Бакунин к тому времени находился уже в Париже, куда прибыл из Брюсселя. Здесь он и дал блестящую отповедь своим гонителям и преследователям, опубликованную в виде письма на имя редактора прогрессивной французской газеты «Реформа»:
«Милостивый Государь! <…> Мое личное положение очень просто. Во время моего пребывания в Германии и в Швейцарии на меня был сделан донос русскому правительству как на близкого друга некоторых немецких публицистов, принадлежащих к радикальной партии, как на автора некоторых журнальных статей, особенно как на приверженца польской нации, столь благородной и столь несчастной, и как на явного врага того гнусного преследования, жертвой которого она продолжает быть; все это вещи очень мало преступные, без сомнения, но, тем не менее, совершенно достаточные, чтобы привести в беспокойство правительство, так ревниво относящееся к любви и уважению своих подданных, как наше.

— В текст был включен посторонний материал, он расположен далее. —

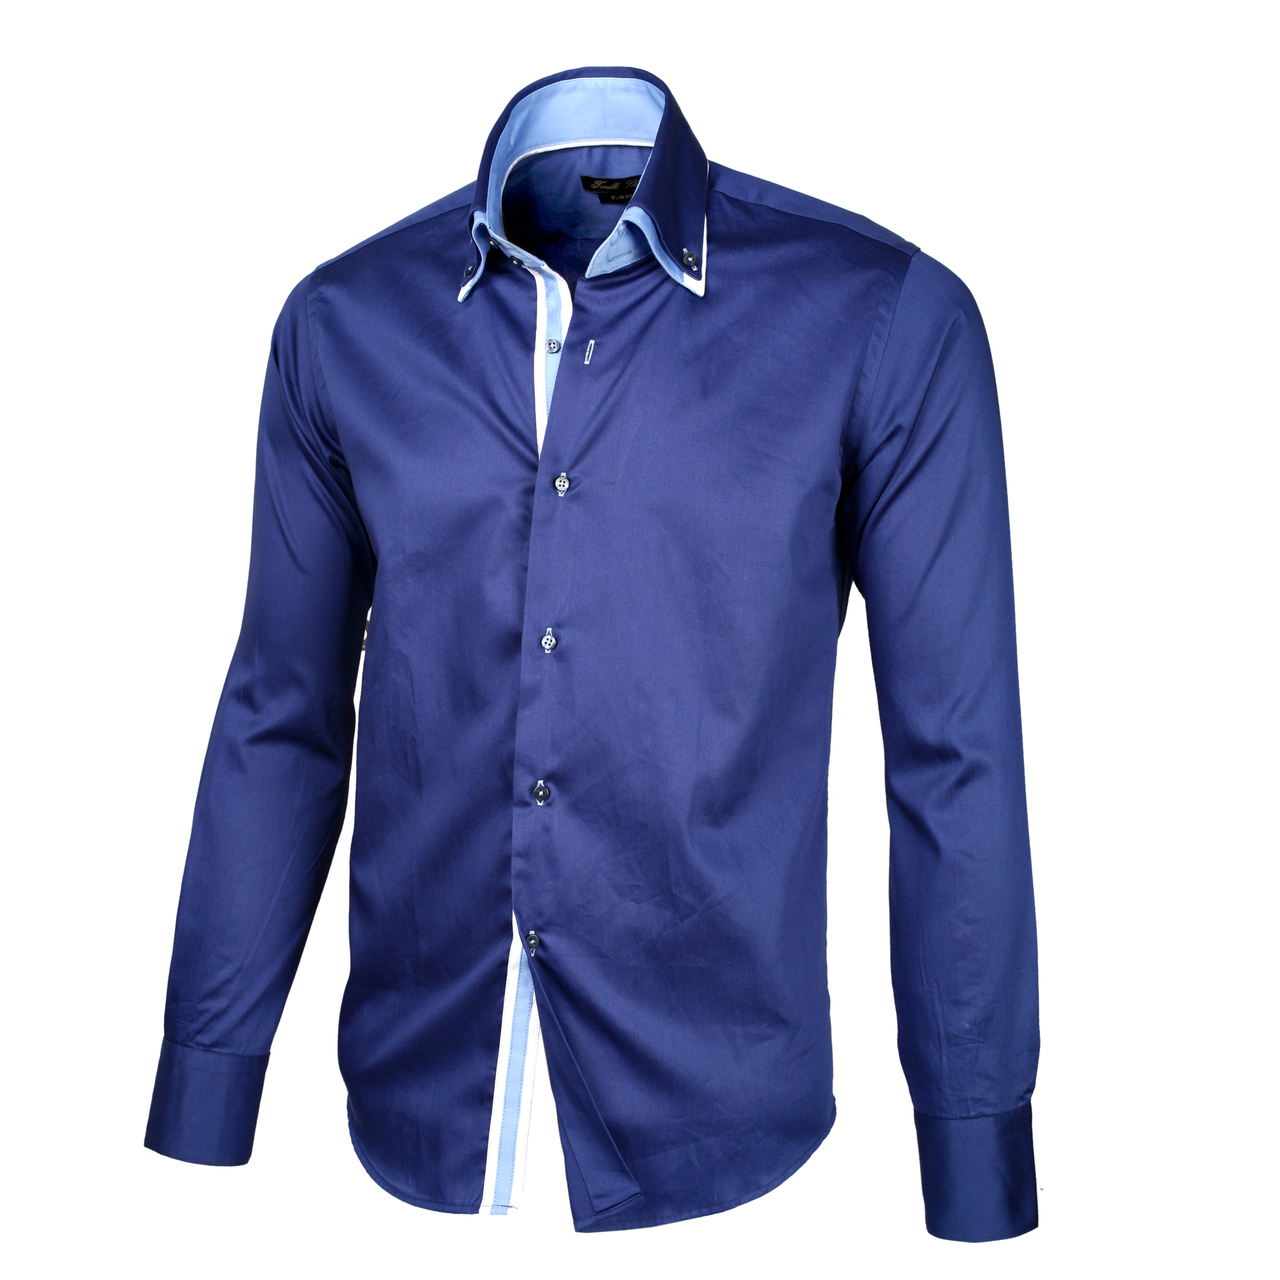 Мужские рубашки каталог. Рубашка мужская Mavi m021190-80692. Синяя рубашка. Синяя рубашка мужская. Красивые рубашки для мужчин.

Раньше мне было объявлено приказание немедленно возвратиться в Петербург, с угрозой, в случае неповиновения, всей строгостью законов. Я знал, что меня ожидает по возвращении. Предпочитая свободный воздух Западной Европы удушливой атмосфере России, я уже очень давно имел твердое намерение навсегда покинуть свое отечество. Я ответил решительным отказом, все последствия которого я предвидел; мне не было неизвестно, что, сообразно законам, которые управляют моей страной, не подчиняясь правительству, я совершал преступление, почти равное оскорблению величества. Я бы не хотел, Милостивый Государь, жаловаться теперь на указ, который, говорят, ведет к лишению меня дворянства и ссылке в Сибирь; тем более, что из этих двух наказаний на первое я смотрю как на настоящее благодеяние, а на второе, как на лишний повод поздравить себя с тем, что я нахожусь во Франции. <…>
В России нет никакой другой хартии, кроме неограниченной воли Императора; что, соединяя согласно основному закону Империи всю политическую власть в своем лице, свободный от всякого контроля, единый принцип всякой законности в России, – Император не уважает ни привилегий, ни прав, и что, следовательно, он есть как на деле, так и по праву абсолютный хозяин над жизнью и честью всех своих подданных без исключения. Мне многого стоит, Милостивый Государь, обнаруживать таким образом печальное положение моего отечества; но я считаю иллюзии опасными. Я думаю, что всегда хорошо говорить истину, потому что только в одной истине можно черпать силы, чтобы сражаться со злом, от которого страдаешь. <…>
Не думайте, Милостивый Государь, что демократия возможна на моей родине. Что касается меня, я совершенно уверен, что это единственная вещь, которая там действительно возможна, и что все другие политические формы, какое бы название они ни принимали, будут так же чужды и ненавистны русскому народу, как и теперешний режим. Ибо русский народ, Милостивый Государь, несмотря на ужасное рабство, которое его давит, и несмотря на палочные удары, которые сыплются на него со всех сторон, имеет инстинкты и ход развития совершенно демократические. Он еще вовсе не испорчен, он только несчастен. В его полуварварской природе есть что-то такое энергичное и такое широкое, такое обилие поэзии, страсти и ума, что невозможно не быть убежденным, зная его, что ему предстоит еще совершить великую миссию в этом мире. Все будущее России заключается в нем, – в этой массе людей, такой многочисленной и такой внушительной, которая говорит одним языком и которая будет скоро, я уверен, воодушевлена одним чувством и одною страстью.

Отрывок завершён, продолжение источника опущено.